The API Gateway has a core set of features implemented in this library:

1. It authorises and authenticates applications to consume services, and it also validates application users
2. It enforces Application plans and User plans
3. It sets throttling limits for services
4. It acts as a Web Application Firewall
5. It collects usage and performance data to be used for analytics, billing, performance/SLA management and capacity planning

Besides its core features, the API Gateway provides support for an Extended set of Features, which are not directly implemented into this module:

1. API Analytics

• Usage
• Performance
• Availability

2. API Monetization

Simple code, easy maintenance and performance

Back to TOC

Validating requests

With the goal to protect APIs, most of the core functionality of the API Gateway is around validating the incoming requests. Each location can specify what exactly to validate, by enabling one or more validators.

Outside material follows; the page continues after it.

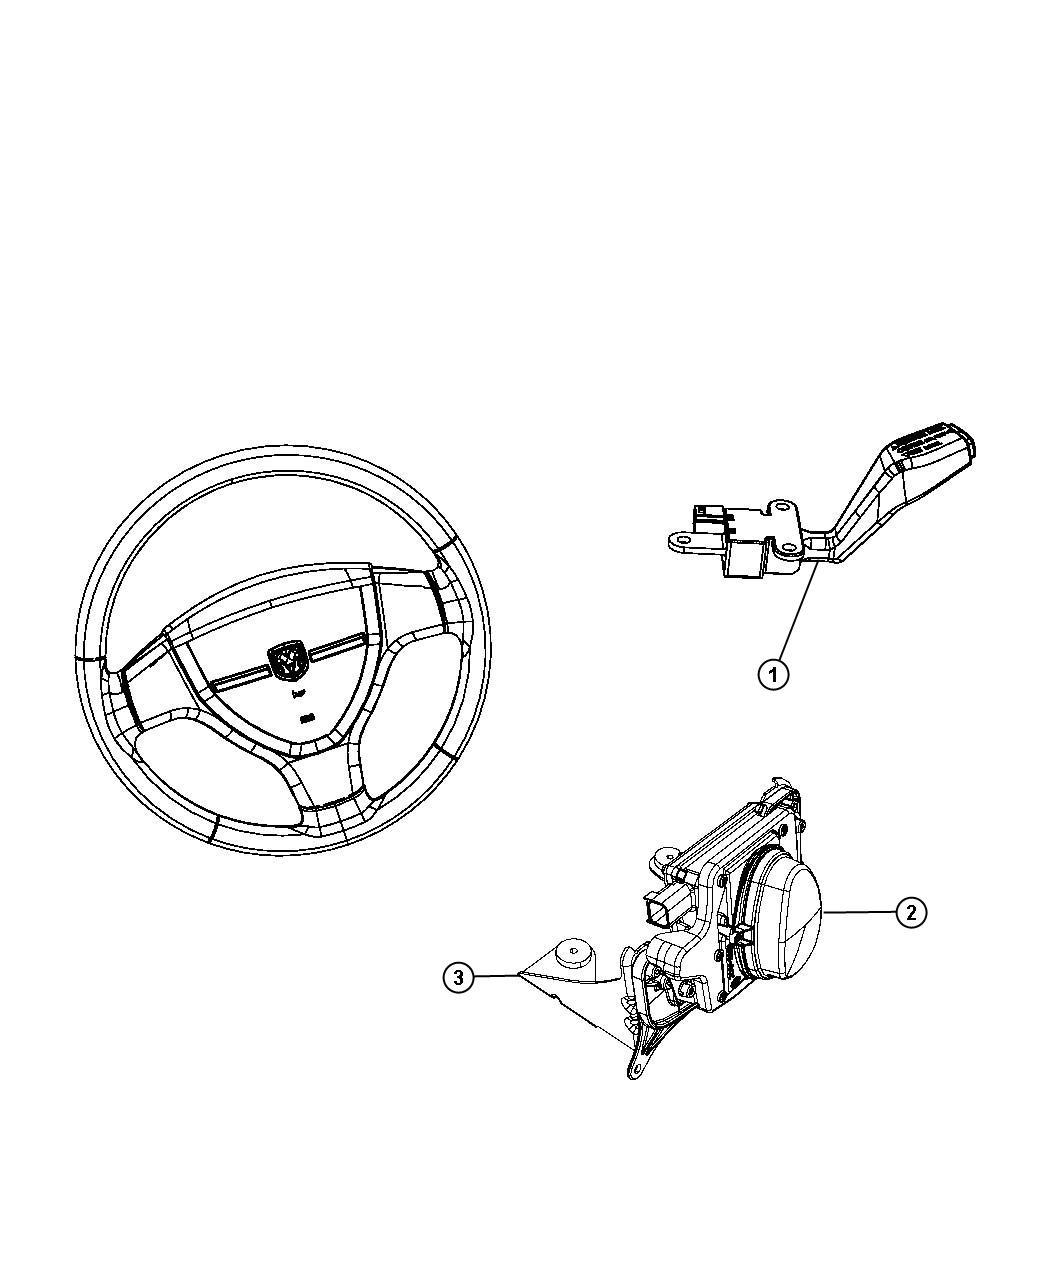 Chrysler 300 Used For Sensor And Bracket Adaptive

    set $validate_api_key     "on;   path=/validate-api-key;   order=1; ";
    set $validate_oauth_token "on;   path=/validate-oauth;     order=2; ";

The design principles for request validation are:

• Validators are defined as sub-requests; the path property of the validator defines the nginx location of the sub-request
• The request is treated as valid when all validators return with 200 HTTP Status.
  • When a validator returns a different status, the nginx execution phase halts and returns immediately.
• Validators usually execute in parallel, unless they're given an order. Multiple validators can have the same order, in which case they execute in parallel.
  • First, validators having order=1 execute in parallel, then the validators with order=2 execute and so on.
• Validators can share variables between different execution orders so that a validator with order=2 can access properties set by a validator with order=1
• Properties set by validators can be used later in other request phases such as the content phase or the log phase
• For CORS, when the request method is OPTIONS, validation should be skipped
• Validators execute in the nginx access phase of the request, but after other nginx directives such as deny, allow.

In order to enable request validation for a location you can use the following sample config to get started:

#
# default request validation implementation
#
location /validate-request {
    internal;
    content_by_lua 'ngx.apiGateway.validation.defaultValidateRequestImpl()';
}

location /protected-location {

    set $api_key $http_x_api_key;
    set $validate_api_key     "on;   path=/validate-api-key;   order=1; ";

    set $authtoken $http_authorization;
    set $validate_oauth_token "on;   path=/validate-oauth;     order=2; ";

    # validate the request
    access_by_lua "ngx.apiGateway.validation.validateRequest()";

    # ----------------------------------
    #  proxy to the service provider
    # ----------------------------------
    proxy_pass $backend_proxy_pass$request_uri;
}

Back to TOC

Built in validators

API KEY Validator

Validates the API-KEY by looking in the Redis Cache. To add a key into the Redis cache you can use the following Redis Command:

HMSET cachedkey:$key:$service_id key_secret $key_secret service-id $service_id service-name $service_name realm $realm consumer-org-name $consumer_org_name app-name $app_name

• $key is the api-key
• $key_secret is the secret asociated with the API-KEY. It is recommended to store the encrypted version of the secret in this field and decrypt it when needed.
• $service_id is an ID for the service that the API-KEY subscribed to
• $service_name is a friendly name for the service_id
• $realm could be used to distinguish between a DEV key vs a STAGE key vs a PROD key
• $consumer_org_name is the name of the organisation that create the API-KEY. For analytics purposes it's better to group applications created by the same organisation in the same bucket in order to provide a unified view for that organisation.
• $app_name is an application identifier which should be unique for an application, even if the API-KEY changes over time

To activate the API-KEY validator simply set api_key_validator to on, optionally specifying which internal location to use in order to validate the key. Think of the internal location as a mean to swap the default implementation with your own.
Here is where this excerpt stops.